In this UML class diagram, the Subject class does not update the state of dependent objects directly. Instead, Subject refers to the Observer interface (update()) for updating state, which makes the Subject independent of how the state of dependent objects is updated. The Observer1 and Observer2 classes implement the Observer interface by synchronizing their state with subject's state.

The UML sequence diagram shows the runtime interactions: The Observer1 and Observer2 objects call attach(this) on Subject1 to register themselves. Assuming that the state of Subject1 changes, Subject1 calls notify() on itself. notify() calls update() on the registered Observer1 and Observer2objects, which request the changed data (getState()) from Subject1 to update (synchronize) their state.

===UML class diagram===

UML class diagram of Observer pattern

==Example==

While the library classes java.util.Observer and java.util.Observable exist, they have been deprecated in Java 9 because the model implemented was quite limited.
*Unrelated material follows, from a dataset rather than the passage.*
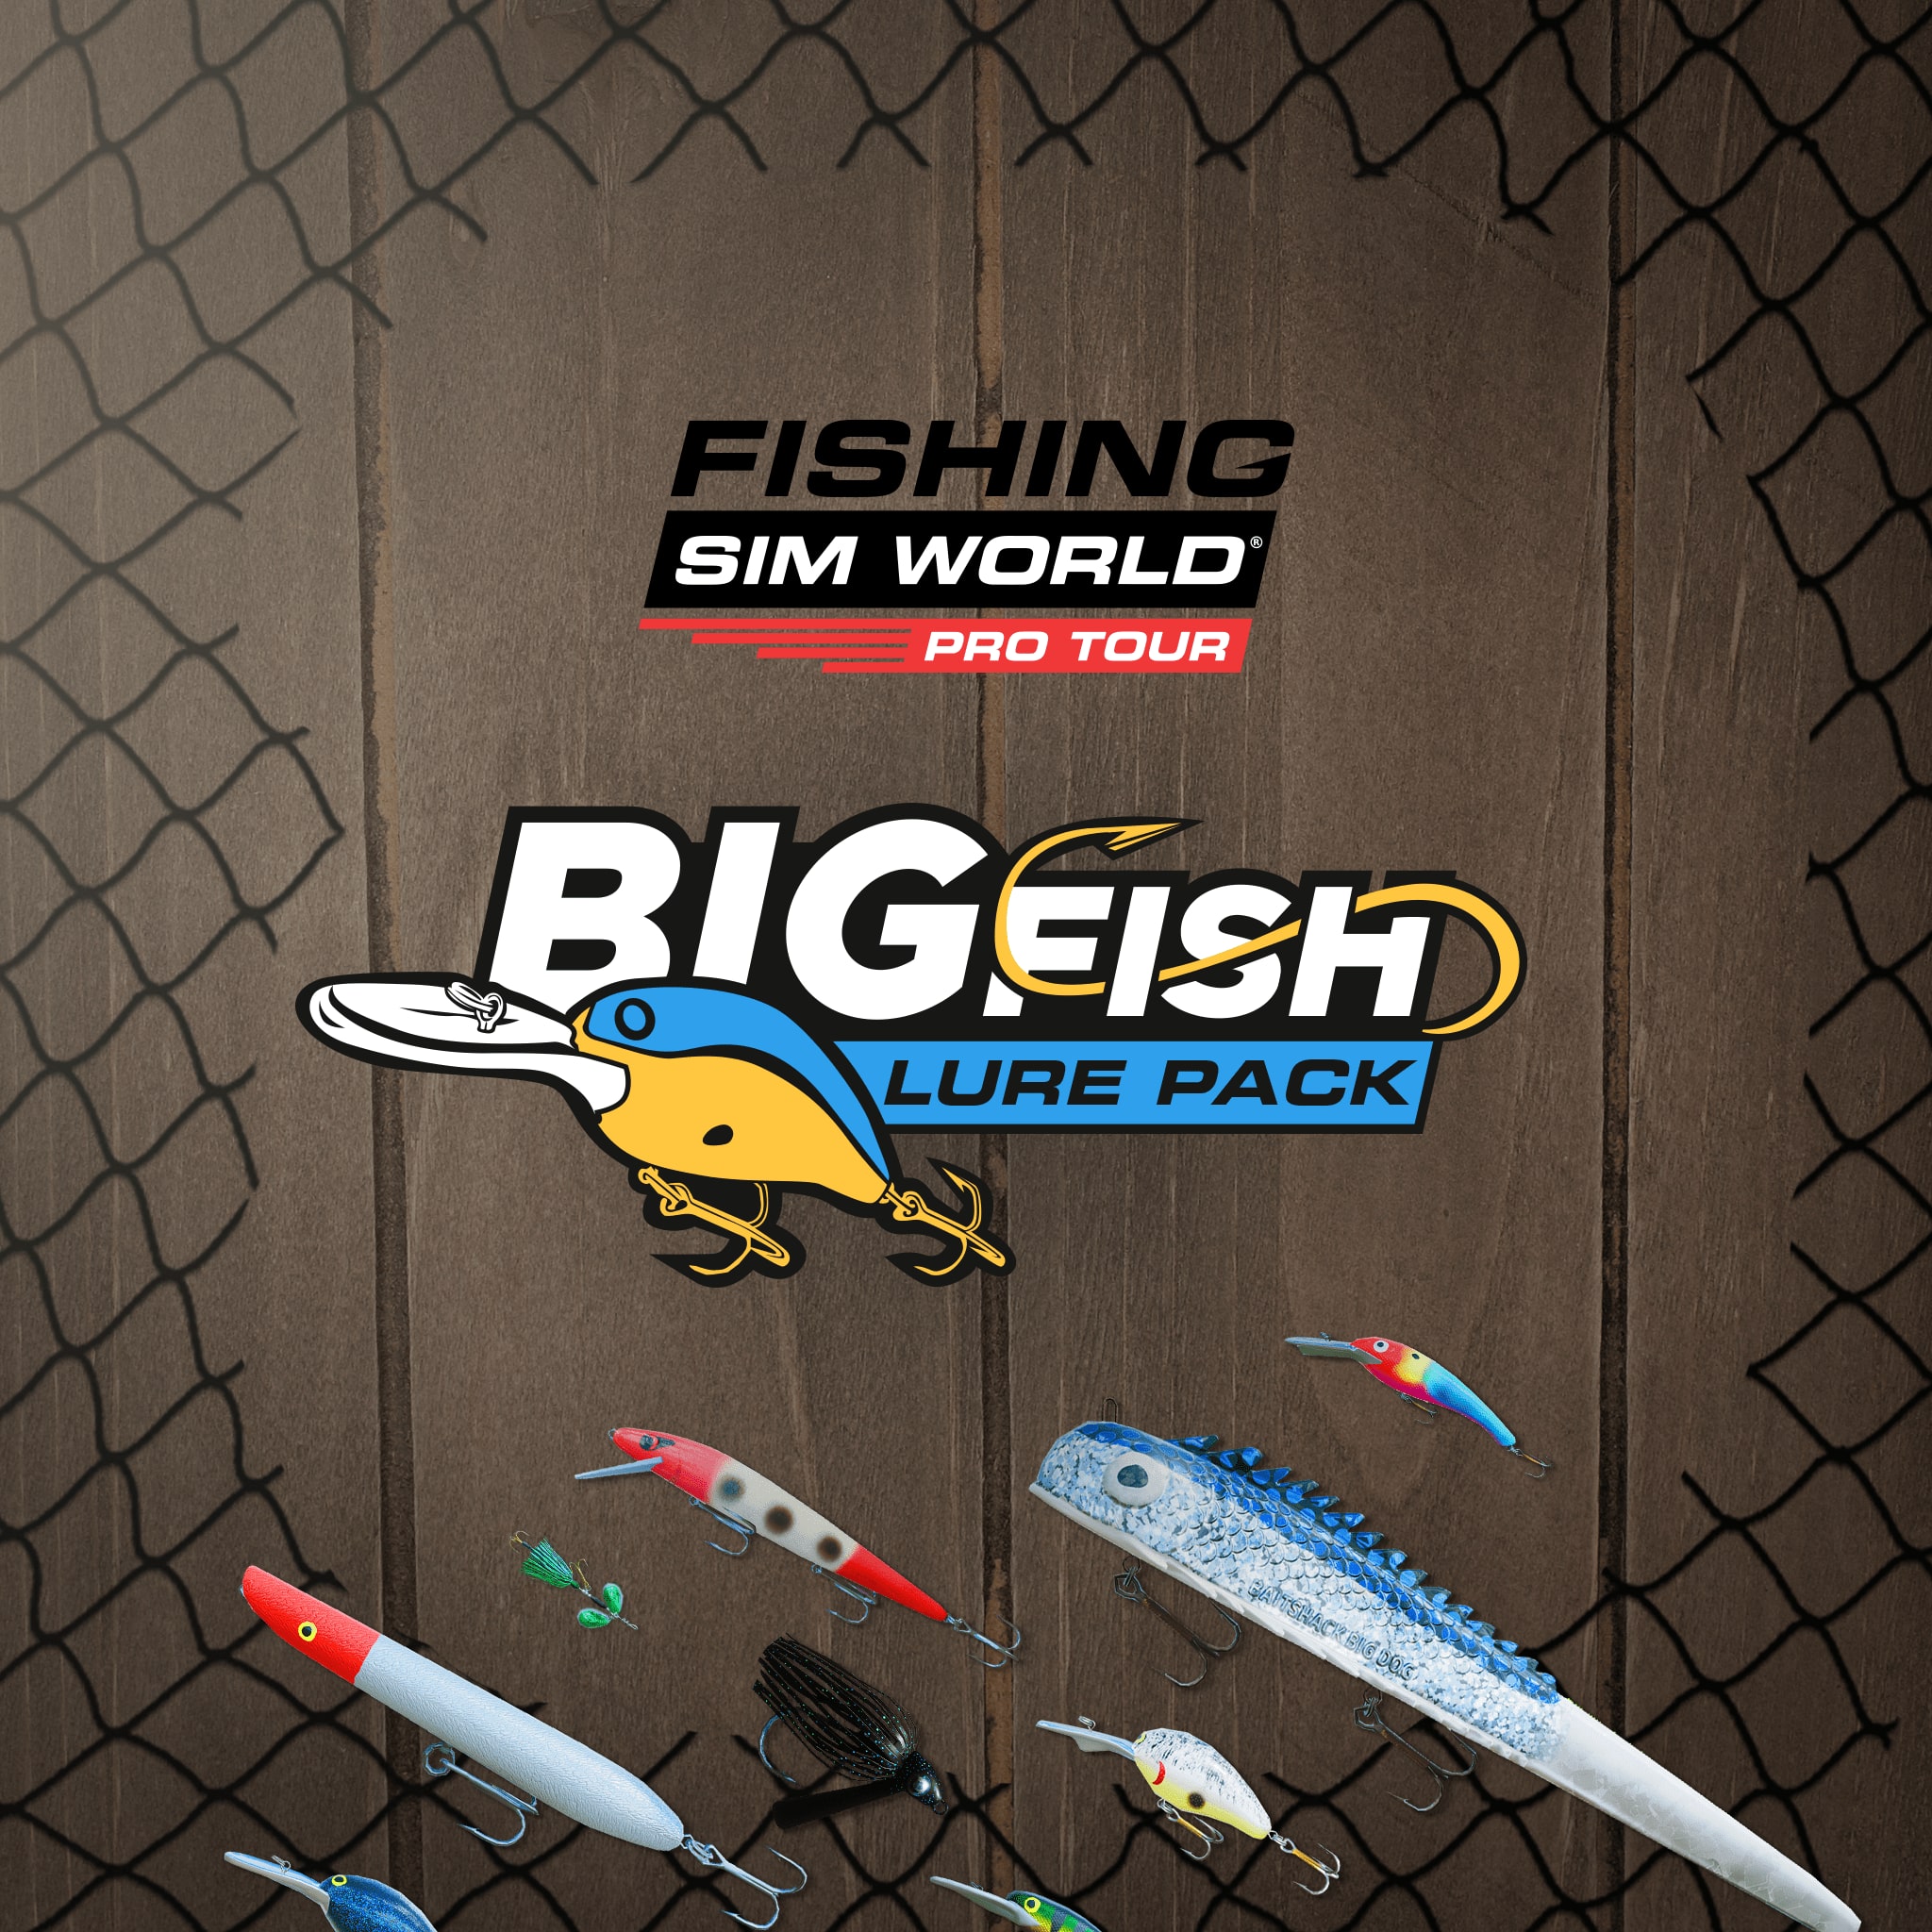 Fishing Sim World: Pro Tour on PS4 — price history, screenshots

Below is an example written in Java that takes keyboard input and handles each input line as an event. When a string is supplied from System.in, the method notifyObservers() is then called in order to notify all observers of the event's occurrence, in the form of an invocation of their update methods.

===Java===

package org.wikipedia.examples;

import java.util.ArrayList;
import java.util.List;
import java.util.Scanner;

interface Observer {
    void update(String event);
}

class EventSource {
    List<Observer> observers = new ArrayList<>();

    public void notifyObservers(String event) {
        observers.forEach(observer -> observer.update(event));
    }

    public void addObserver(Observer observer) {
        observers.add(observer);
    }

    public void scanSystemIn() {
        Scanner scanner = new Scanner(System.in);
        while (scanner.hasNextLine()) {
            String line = scanner.nextLine();
            notifyObservers(line);
        }
    }
}

public class ObserverDemo {
    public static void main(String[] args) {
        System.out.println("Enter Text: ");
        EventSource eventSource = new EventSource();

        eventSource.addObserver(event -> System.out.printf("Received response: %s%n", event));

        eventSource.scanSystemIn();
    }
}

===C#===
C# provides the IObservable. and IObserver interfaces as well as documentation on how to implement the design pattern.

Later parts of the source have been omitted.